The Muslim Brotherhood has won 20% of the overall vote in the first round of Egypt's parliamentary elections, according to initial official results released after a day of intense runoff balloting.

    Muslim Brotherhood leader Mohammed Akef casts his vote

    The Brotherhood, the country's largest opposition group, is officially banned as a political party in Egypt but fielded candidates as independents.

    It won 30 seats, while the ruling National Democratic Party (NDP) won 50, the semi-official Middle East News Agency (MENA) reported on Wednesday, quoting judges in counting stations.

    However, the NDP's tally is likely to rise, because many of the 45 independents who won on Tuesday are former members of the party who stood alone after failing to win the party's nomination.

    Such independents usually rejoin the party at the end of the elections. Other opposition parties and groups scored eight seats, MENA reported.

    Doubling the score

    The results of Tuesday's runoffs and last week's polling, the first round in the four-week elections, mean the Brotherhood has captured 34 seats in the People's Assembly, more than double the 15 it held in the outgoing assembly.

    "The result confirms in an unquestionable way that the Egyptian people stand behind the Brotherhood"

    Mohamed Habib

    Deputy leader of the Brotherhood

    This confirms its position as the biggest opposition group to President Hosni Mubarak's government.

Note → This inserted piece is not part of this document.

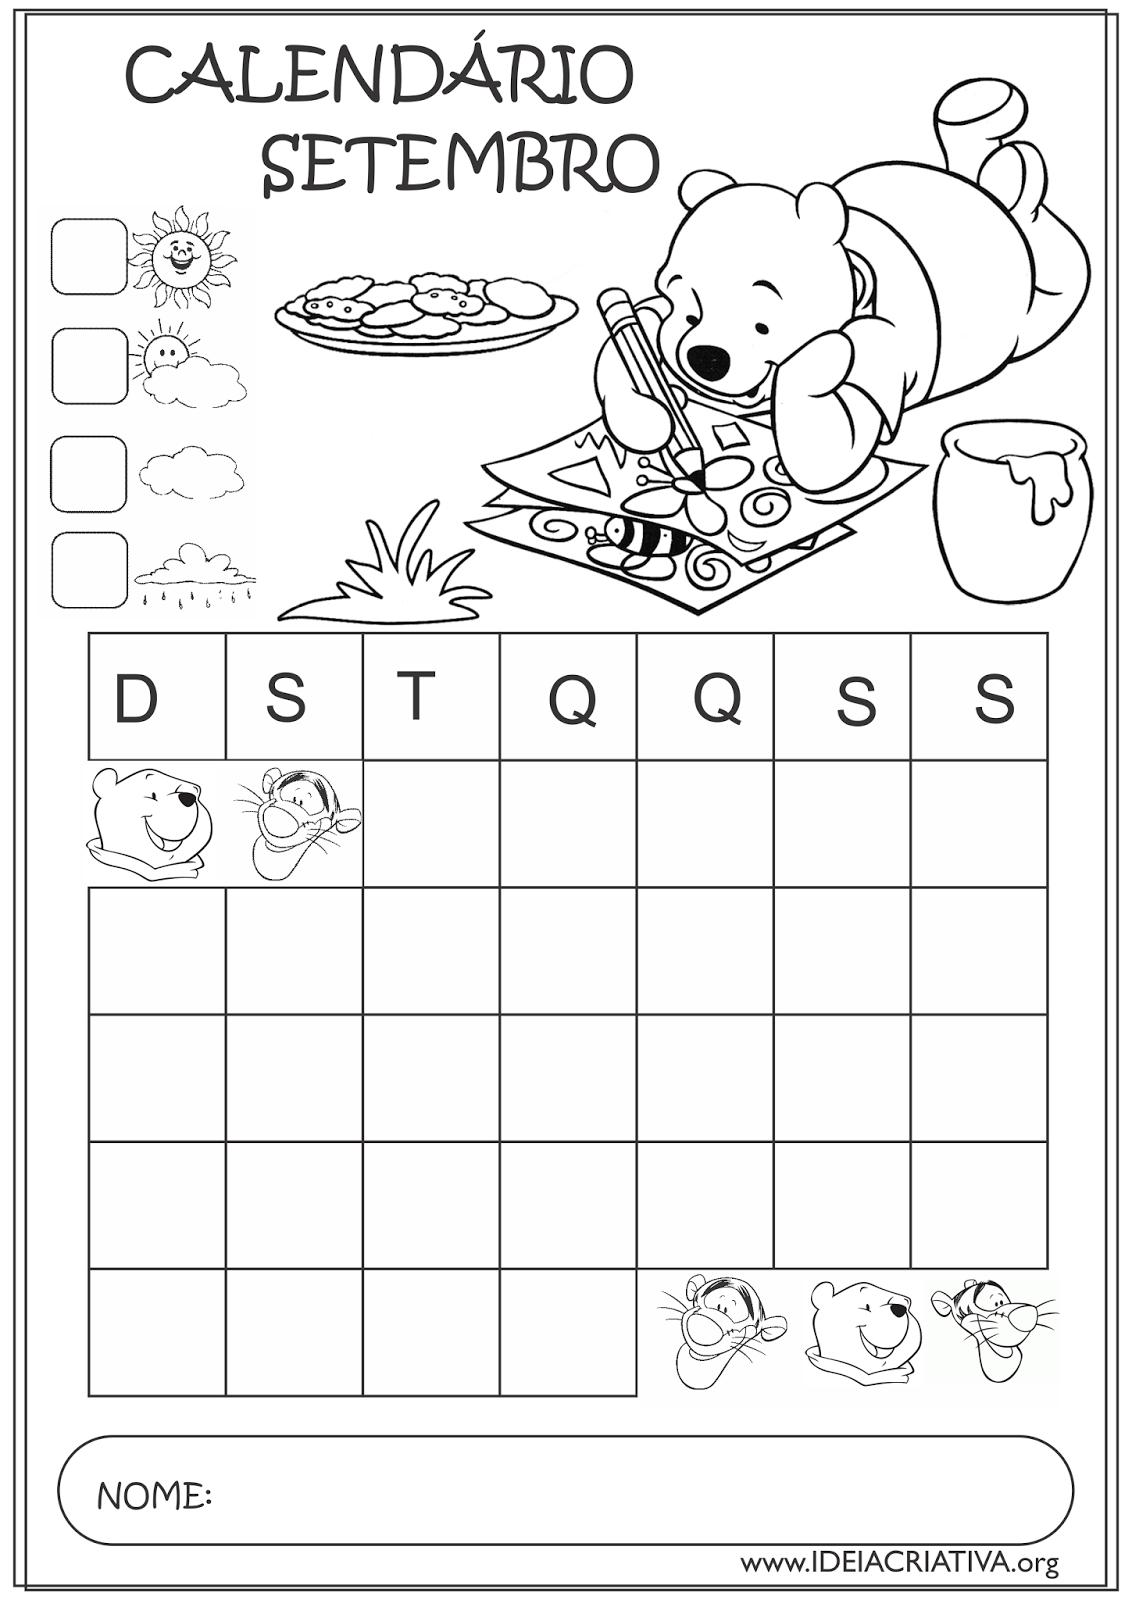 Calendários Setembro 2015 Turma do Ursinho Pooh Educação Infantil

    Brotherhood candidates won in six electoral constituencies in Minya, while the ruling party got five out of 22 seats, less than 25% of the seats it got in 2000, Aljazeera's correspondent Omar al-Kahki reported. 

    Opposition force
    The voting for parliament's 444 elected seats is not expected to end the ruling NDP's control of the chamber, but the Brotherhood wins underlined the status of political Islam as the strongest opposition force.
    "The result confirms in an unquestionable way that the Egyptian people stand behind the Brotherhood and that the Brotherhood really do represent the strongest social and political group in Egypt," deputy leader of the Brotherhood  Mohamed Habib said.
    Campaigning under the slogan "Islam is the solution", the Brotherhood aims to bring legislation into line with Islamic laws. It also calls for more political freedom in Egypt, ruled by Mubarak since 1981.   

    The Brotherhood is fielding about 100 candidates in the second and third rounds of the election on 20 November and 1 December.